During the review of the Health Law, the deputies decided to extend the right to an attending physician to children under 16 years of age. Pediatricians sulk, general practitioners approve.
A new right is opening up for children! The deputies of the National Assembly decided last night to extend the right to an attending physician to children under 16 years of age. Why actor returns to this measure of the Health Bill presented in mid-October in the Council of Ministers.
Medical follow-up from birth to adolescence
Concretely, the attending physician for children will be a pediatrician or a general practitioner. The measure now allows parents to appoint a doctor to treat their child from birth. This will then be followed until the age of 16 by the chosen doctor. The latter will carry out all the consultations planned throughout the growth of the young patient. Currently in France, 71% of medical follow-ups of children aged 0 to 16 are carried out by general practitioners against 15% by a pediatrician.
Satisfied GPs
This project, when it was announced last June, was not unanimous among pediatricians. For the latter, parents must retain the free choice of consulting a pediatrician or a general practitioner, depending on the needs of their child and the availability of local professionals. However, the news was better received by general practitioners. In particular by the MG France union, which supported this project from the start.
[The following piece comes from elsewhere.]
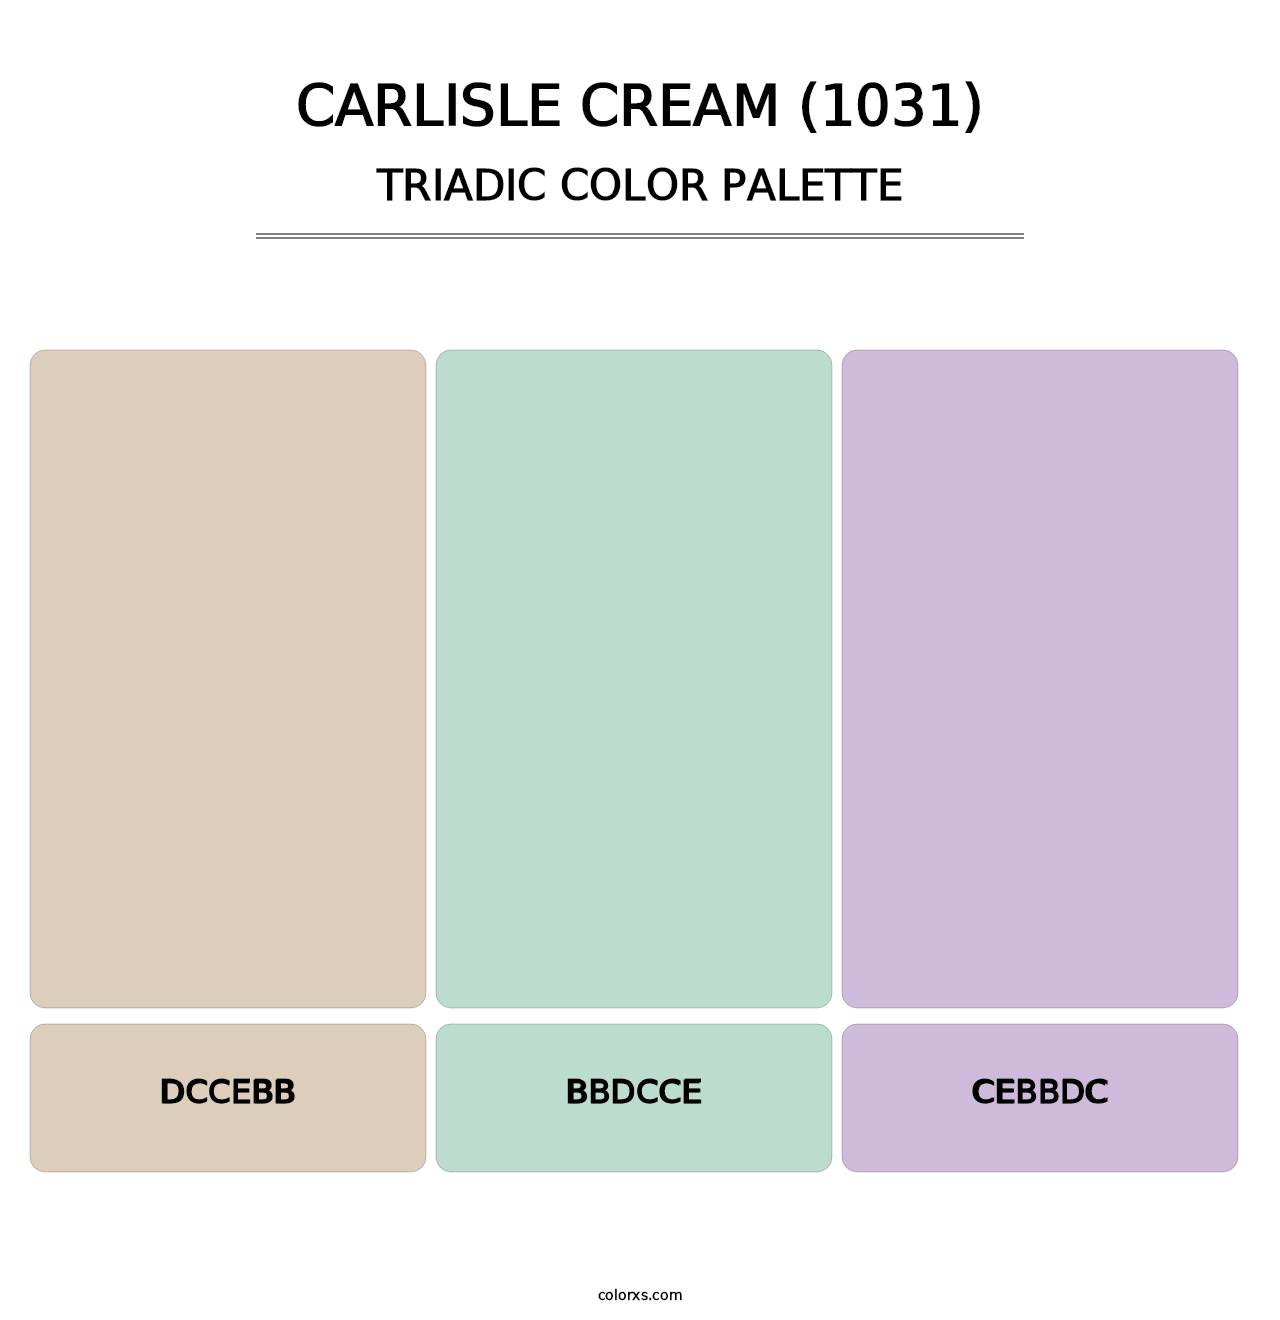 Carlisle Cream (1031) - Triadic Color Palette

Asked last October by Why actor, Claude Leicher, President of MG France confided: “This clarifies the responsibilities, and we also propose that there is no penalty of course when the parents go to see another doctor. »A request which has been satisfied since parents will be able to consult a pediatrician and / or a general practitioner without penalty without going through the attending physician first.
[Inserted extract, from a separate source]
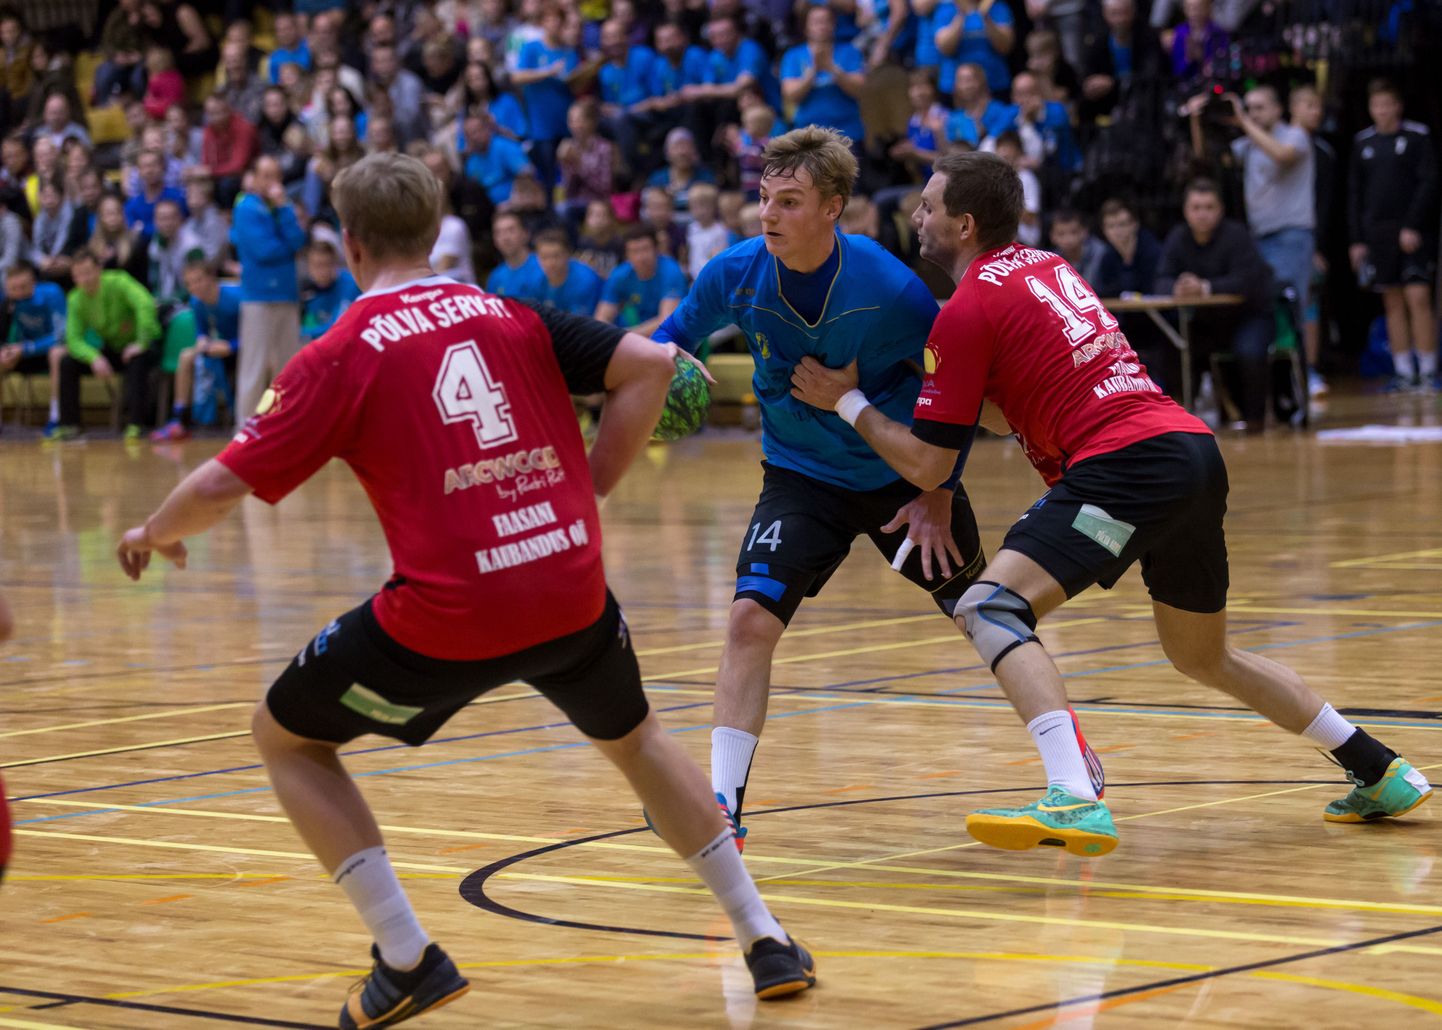 Täna kell 19 kohtuvad Viljandi spordihoones Eesti käsipalli meistrivõistluste meistriliigas Viljandi HC ja Põlva Serviti.

This measure, which should cost 65 million euros to the Health Insurance, is part of a policy of expanding the system of the care coordination pathway put in place in 2004, which requires each insured person to have more than 16 years of appointing an attending physician of their choice before consulting another specialist, to benefit from full reimbursement. Device that the Court of Auditors qualified as “unfinished reform” in a report published in 2013.